Police entered Occupy Wall Street’s Zuccotti Park site, using zip-tie handcuffs, spraying fire extinguishers and evacuating the 100 or so occupiers present — because, police announced, the city had “determined that the continued occupation of Zuccotti Park poses an increasing health and fire safety hazard.”

In Philadelphia, occupiers are carefully monitoring City Hall for hints of a similar raid order from Mayor and 1979 Wharton graduate Michael Nutter.

Conflict over possible evacuation of Dilworth Plaza — the site of Occupy Philadelphia — for a city construction project has strained municipal relations with the protesters.

“We just got some news that they’re probably not going to raid tonight,” School of Social Policy & Practice assistant professor and Occupy participant Toorjo Ghose said. “But we have a vigil going on to make sure that the risk times — 2 a.m. to 4 a.m. — are covered.” Ghose said a few Penn students and faculty members were staying overnight at City Hall.

Stanley Joseph, an unemployed information technology professional active with Occupy Philadelphia’s information committee, met city officials with a group of occupiers Tuesday evening. “They said they’d give us adequate time” if a raid were to occur, Joseph said. “[The city’s] worked so hard to avoid an Oakland incident, I can’t see them rampaging through here [and messing all that up],” he added, referring to the coarse and violent relationship between the city and protesters at California’s Occupy Oakland.

While Joseph was optimistic about the city’s attitude towards Occupy Philadelphia, Ghose disagreed. “We suspect there was a coordinated push” by mayors across the country “to demonize the movement,” he said.

While Occupy Philadelphia struggles with its logistical future, curiosity and interest in the movement seems strong inside Penn’s campus.
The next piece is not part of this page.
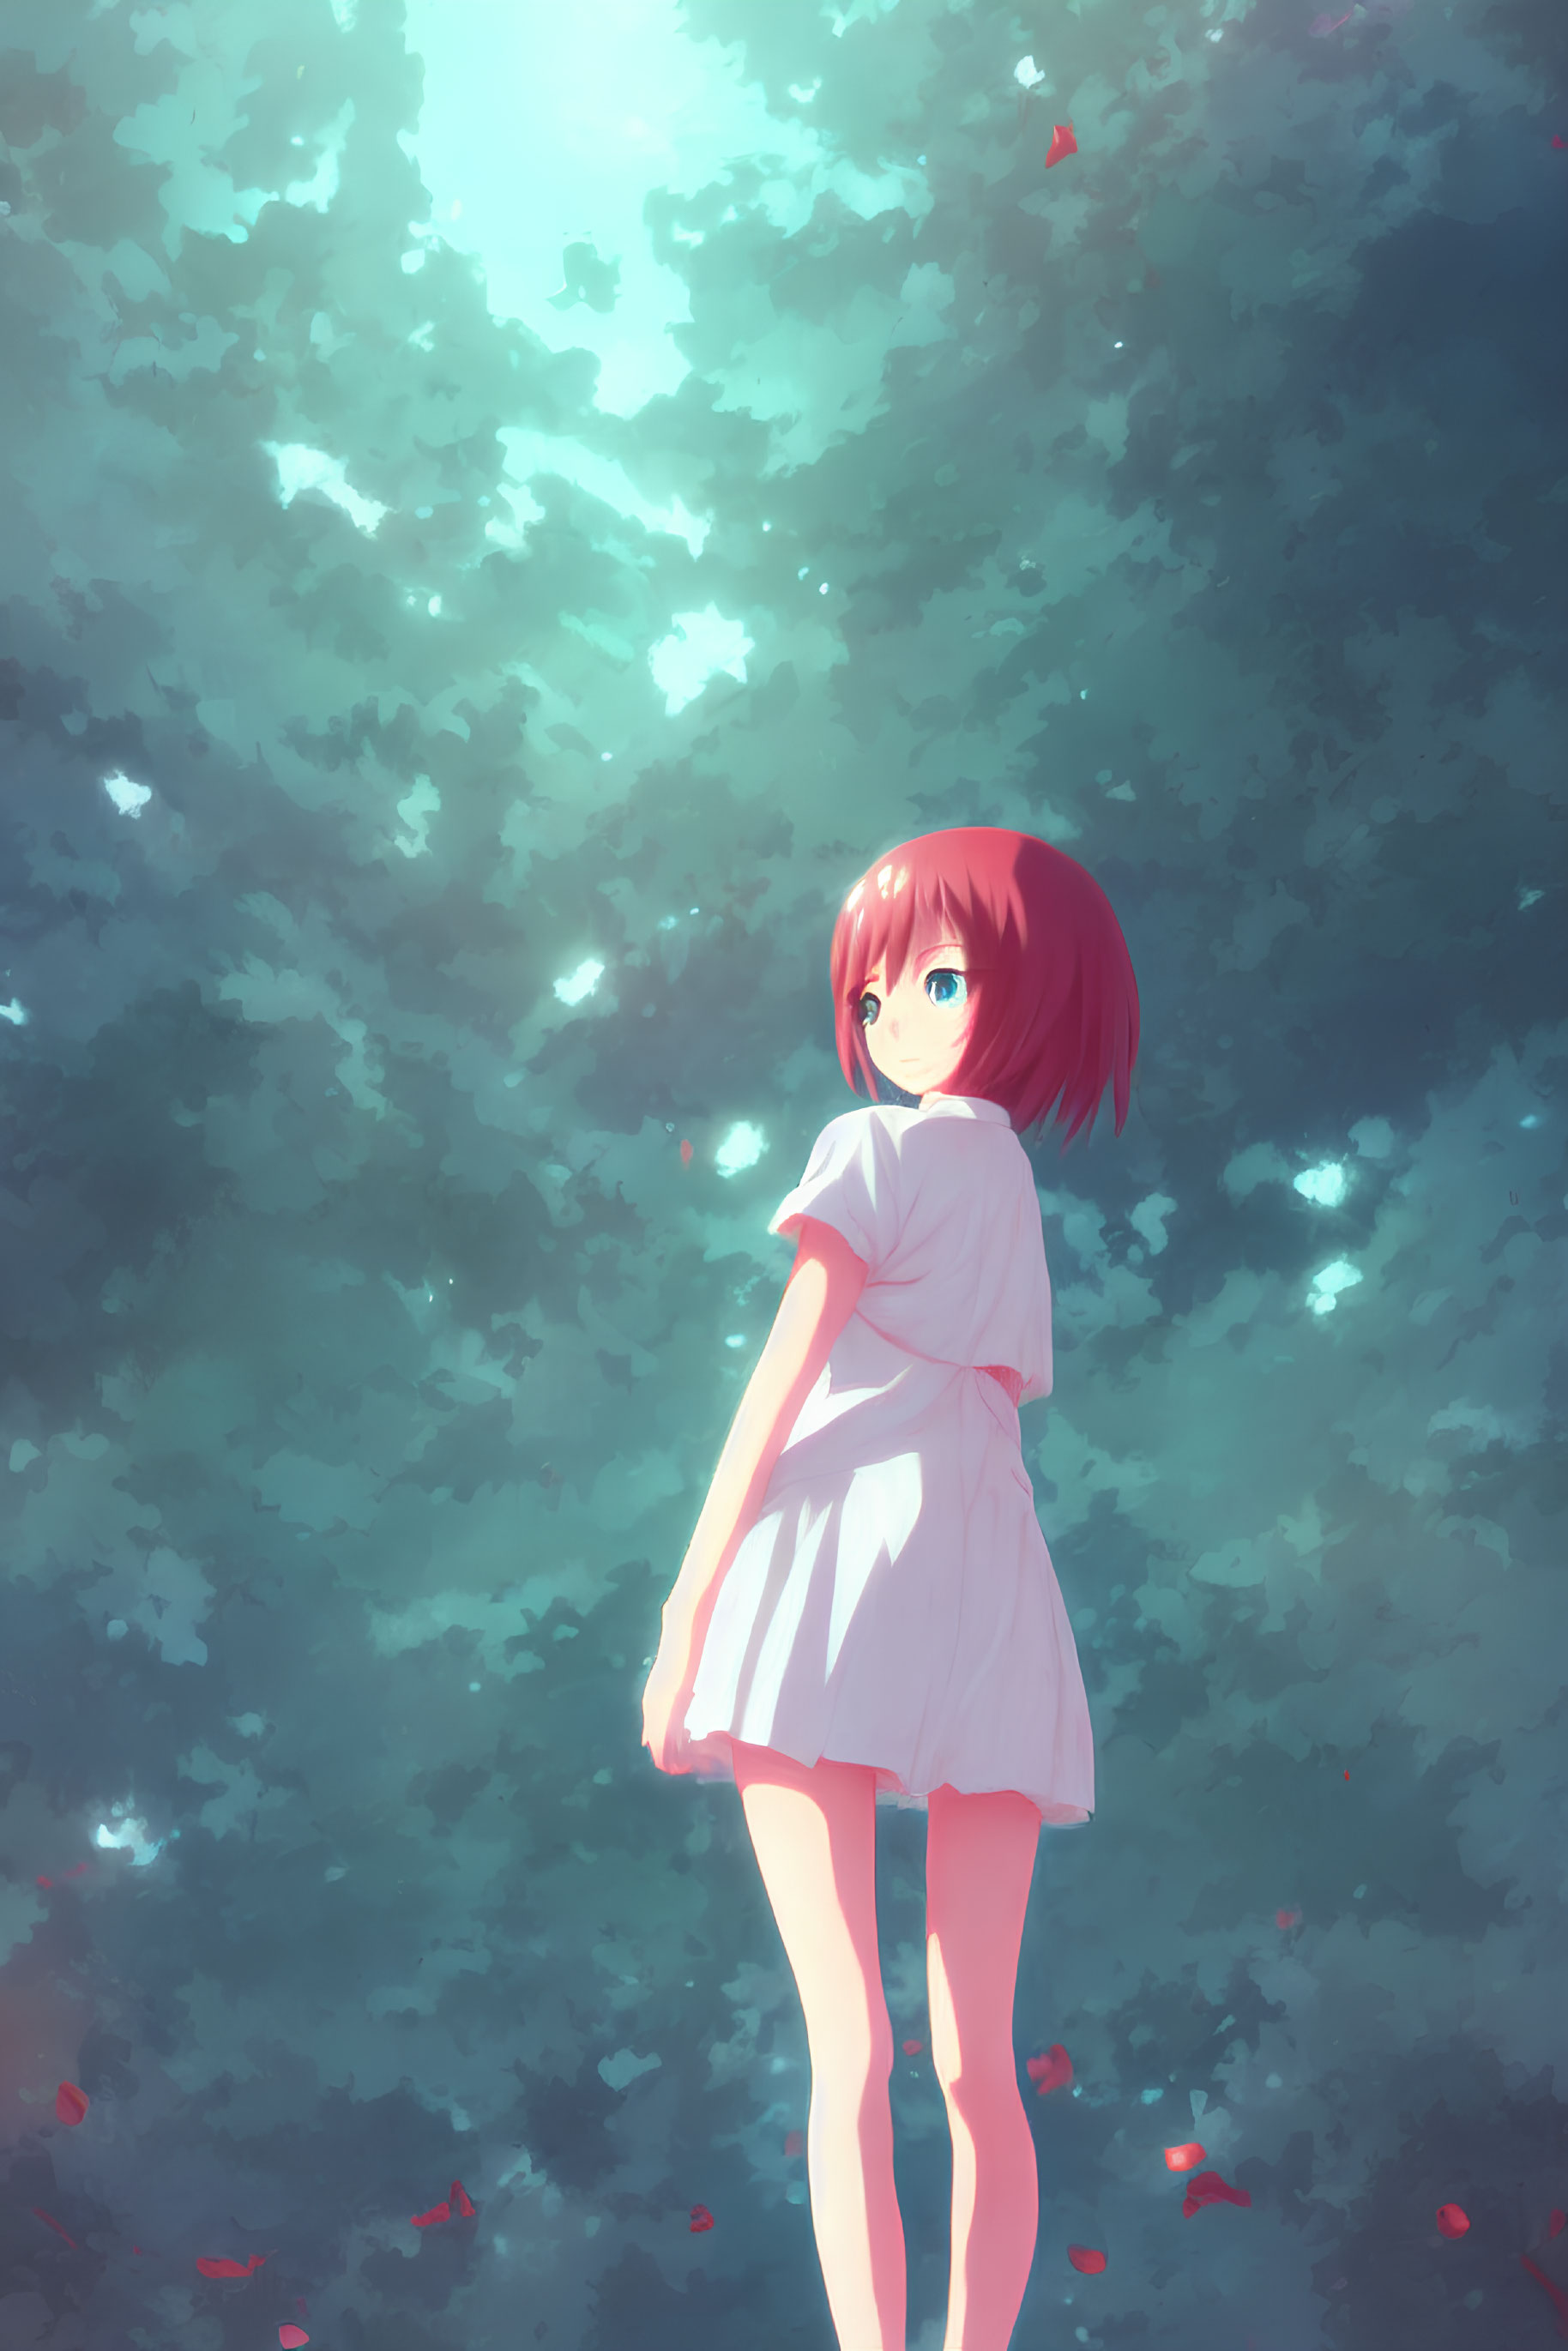 Young girl with red hair in white dress standing in forest with sunlit foliage and red petals.

OccupyPenn, which hosts general assembly meetings and teach-ins outside Van Pelt Library every Wednesday and Friday, has more than 100 people on its email listserv.

The Wharton Politics and Business Association also hosted a well-attended panel event Tuesday night. Three Wharton professors, an Urban Studies professor and media spokesperson for Occupy Wall Street William Buster discussed the role of the Penn community in social movements and examined the root causes of the Occupy movement.
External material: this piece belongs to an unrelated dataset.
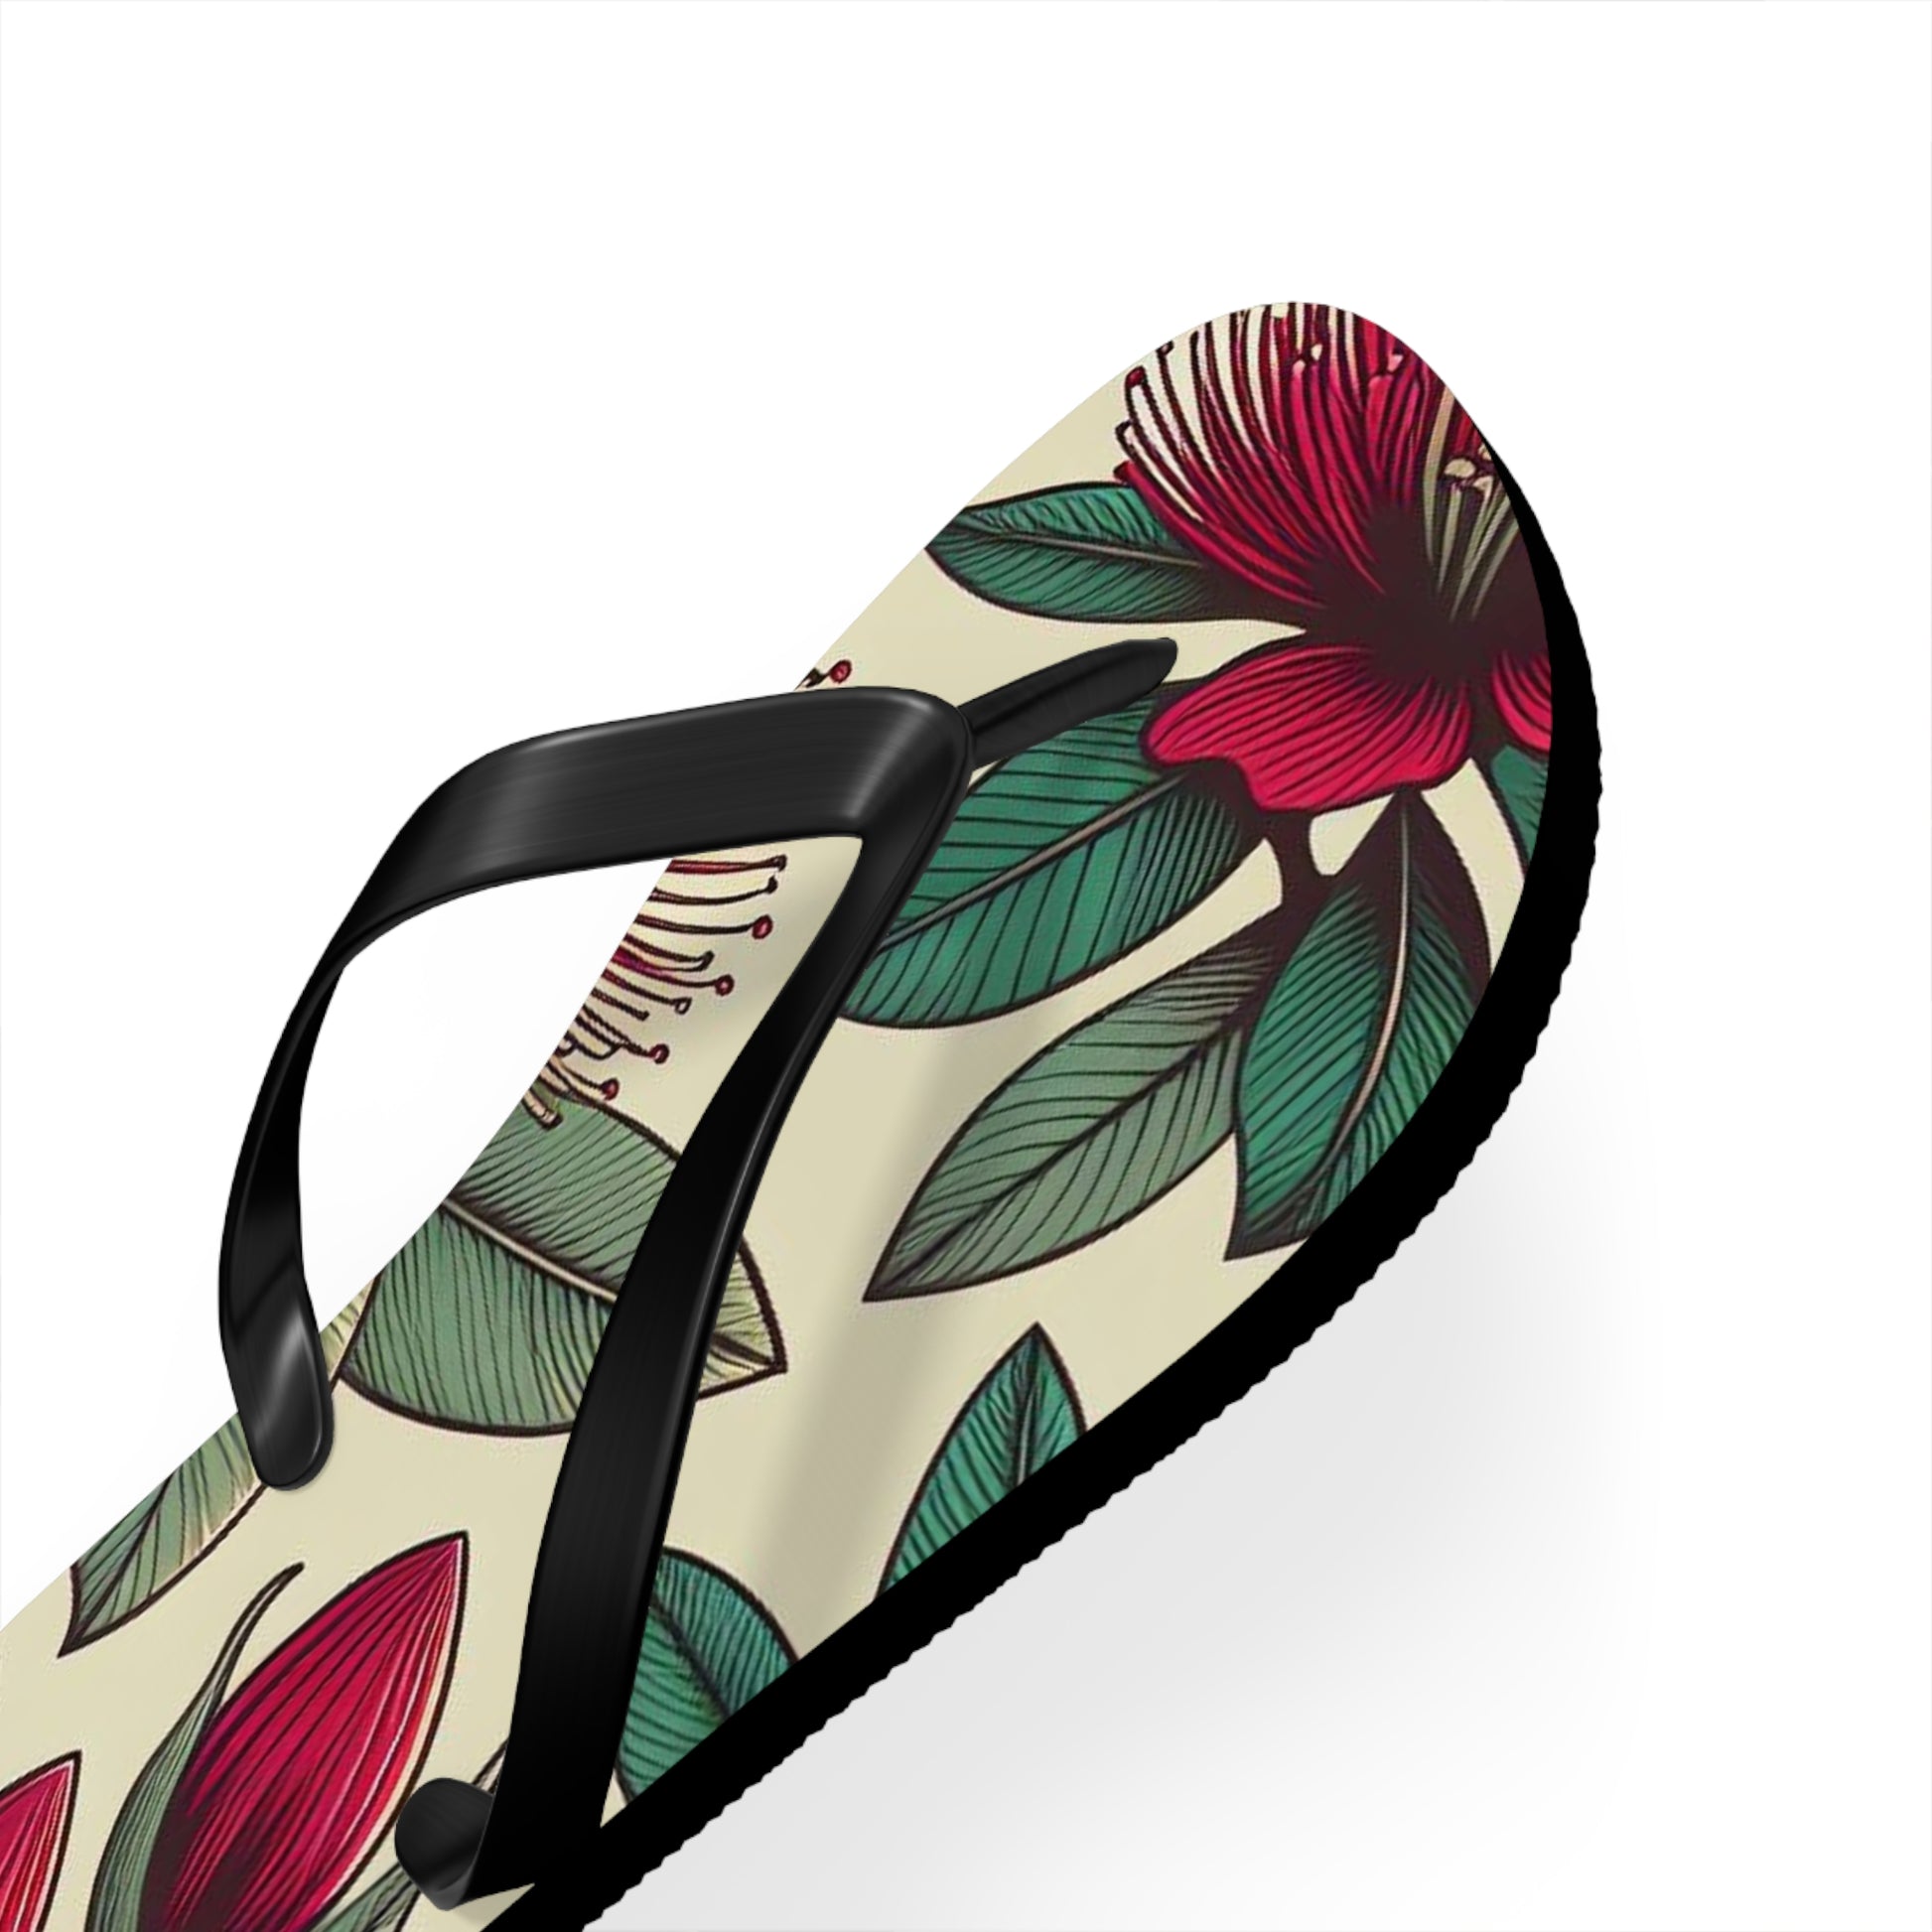 a pair of women's flip flops with flowers on them

At the panel, Buster both evoked and addressed the big problem critics have with the Occupy movement: its lack of cohesive leadership and clear demands. “We’re weeding out the real workers from the ‘hanger-ons’” at Occupy Wall Street, Buster said. “What we need are real workers … and not [people who] just sit in tents and strum banjos and smoke what they’re smoking.”

But when he was pushed to answer how a movement could both be “all-inclusive” and still discriminate between real occupiers and ‘hanger-ons,’ he replied with a hypothetical. A building could be on fire, he said, and some would ignore it because it isn’t on an agenda. “I’m a doer, not a talker. It’s for the good of the movement.”

Ghose framed the protest’s vagueness as a core strength. “Every movement faces questions of legitimacy — who is a legitimate part of this movement and who is not,” he said. But, he continued, “this is a natural part of the movement.” Opposition to the Occupy movement would love to see differences tear the movement apart, but “just because there are differences doesn’t mean a movement has a rift,” Ghose emphasized.

“I’m looking forward to see how we’re [going to] make larger goals of [Occupy] applicable to local issues,” Ghose added. “We are now in the phase of Occupy Next.”

This article has been updated to correct the name of the Wharton Politics and Business Association.